Quando sarà la mia ora di trionfo? Quando mi metterò a cercare Gesù per pregare con lui e non per tradirlo? Quando dirò come lui: “Non sia fatta la mia, ma la tua volontà”? Quando mi darò agli altri come si è dato lui?
Acqua del costato di Cristo, lavami.
Crocifisso oggi
Gesù continua a essere crocifisso in tutti i crocifissi della storia. Continua a essere crocifisso nei milioni che soffrono la fame ogni giorno, nei mutilati di tutte le guerre e in chi è confinato su un letto d’ospedale. Crocifisso negli emarginati dei villaggi e delle città, in tutti i discriminati. Crocifisso in tutti quelli che lottano, senza risultato immediato, contro strutture di peccato … Non ci sono abbastanza stazioni in questa via crucis per rappresentare tutte le forme nelle quali il Signore continua a essere perseguitato, arrestato, condannato e crocifisso.
________________________________________Sabato 22 marzo s. Lea
LEGGI:
Genesi 1,1-2,2 Baruc 3,9-15.32-4,4
Genesi 22,1-18 Ezechiele 36,16-28
Esodo 14,15-15,1 Romani 6,3-11
Isaia 54,5-14 Salmi 117,1-2.16-17.22-23
Isaia 55,1-11 Matteo 28,1-10
Oggi è il giorno del silenzio, dell’attesa. Gesù è stato deposto nel sepolcro nuovo scavato nella roccia. Il sepolcro si aprirà e noi canteremo: “Cristo è risorto”.

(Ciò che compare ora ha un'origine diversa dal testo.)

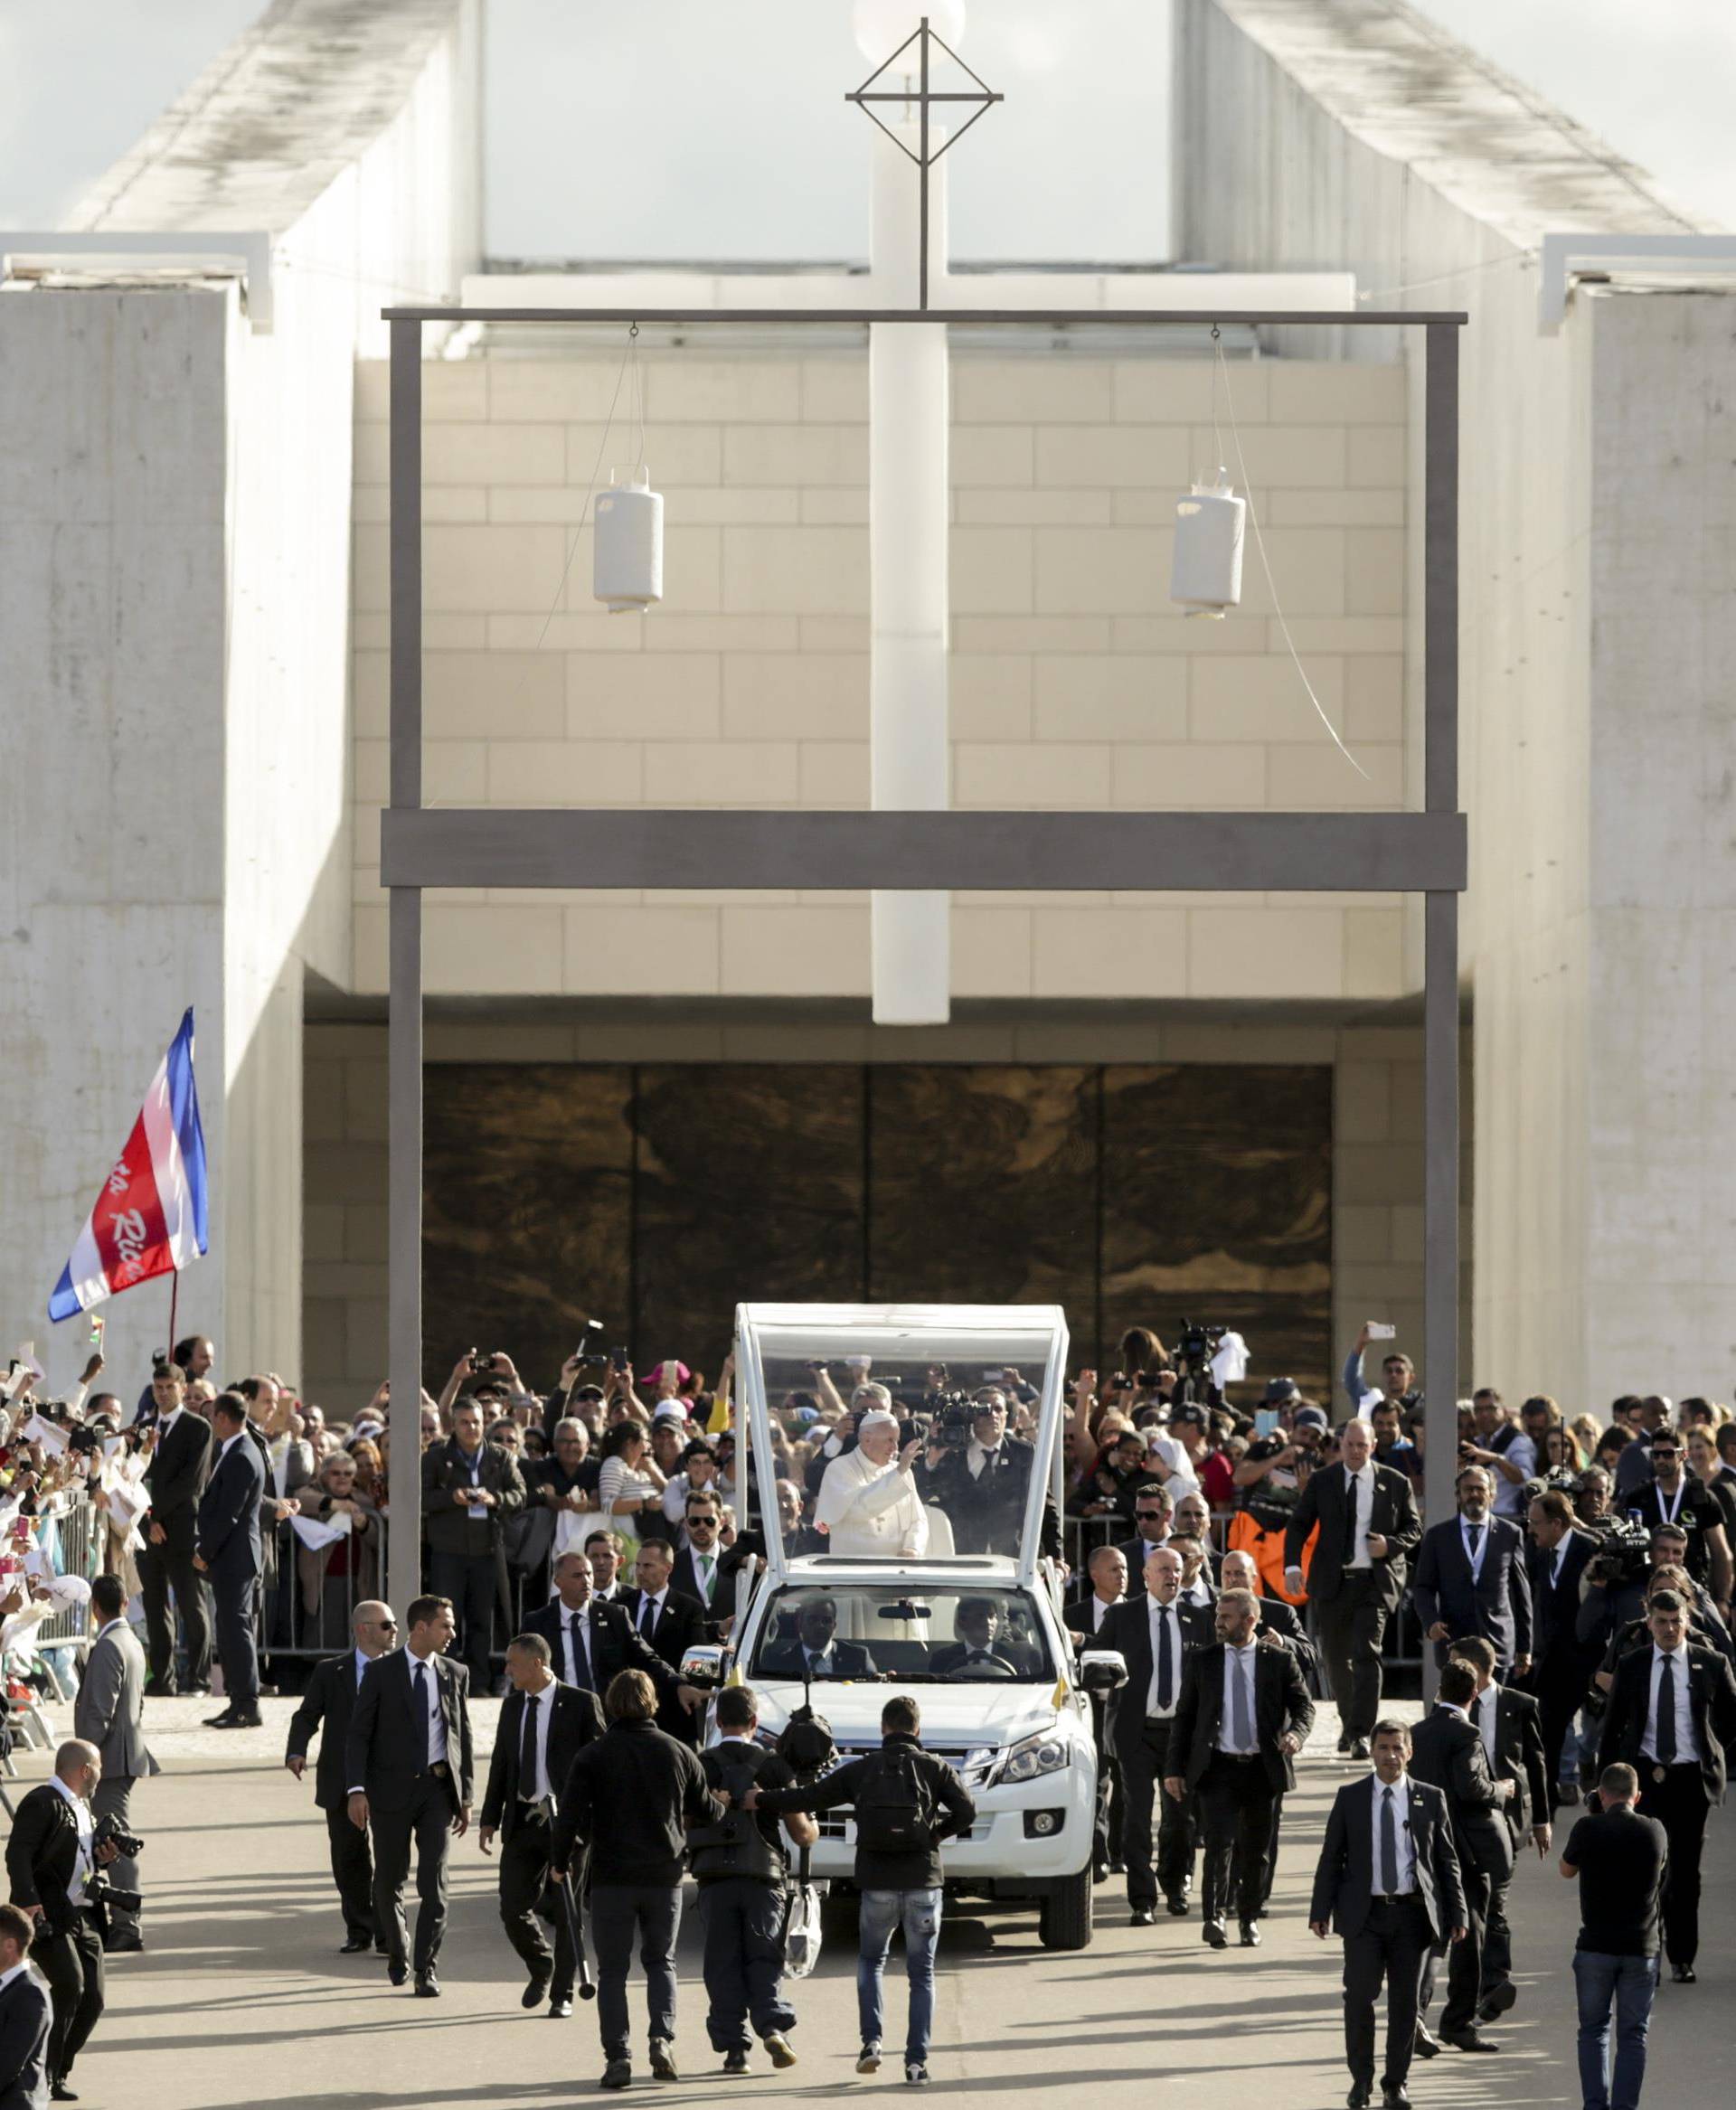 Pope Francis waves as he arrives at the Shrine of Our Lady of Fatima in Portugal

Domani: Domenica di Pasqua
AMORE E FEDE
Il “discepolo preferito di Gesù” si preoccupa di sottolineare la presenza, in quei momenti, di un’altra “preferita”, Maria Maddalena. Fede e amore procedono strettamente legati tra loro. In realtà, tutta la nostra vita si basa su questo binomio fede-amore. Tre sono le parole chiave nel sorgere di questa fede pasquale: vedere, comprendere, credere. L’evangelista dice di se stesso: “Vide e credette”. E racconterà che Maria disse: “Ho visto!”. Poi anche i discepoli “vedono”. La fede è un dono di Dio che ci apre a quello che i primi credenti videro e compresero: il sepolcro vuoto, le apparizioni di Gesù risorto e la testimonianza della Scrittura.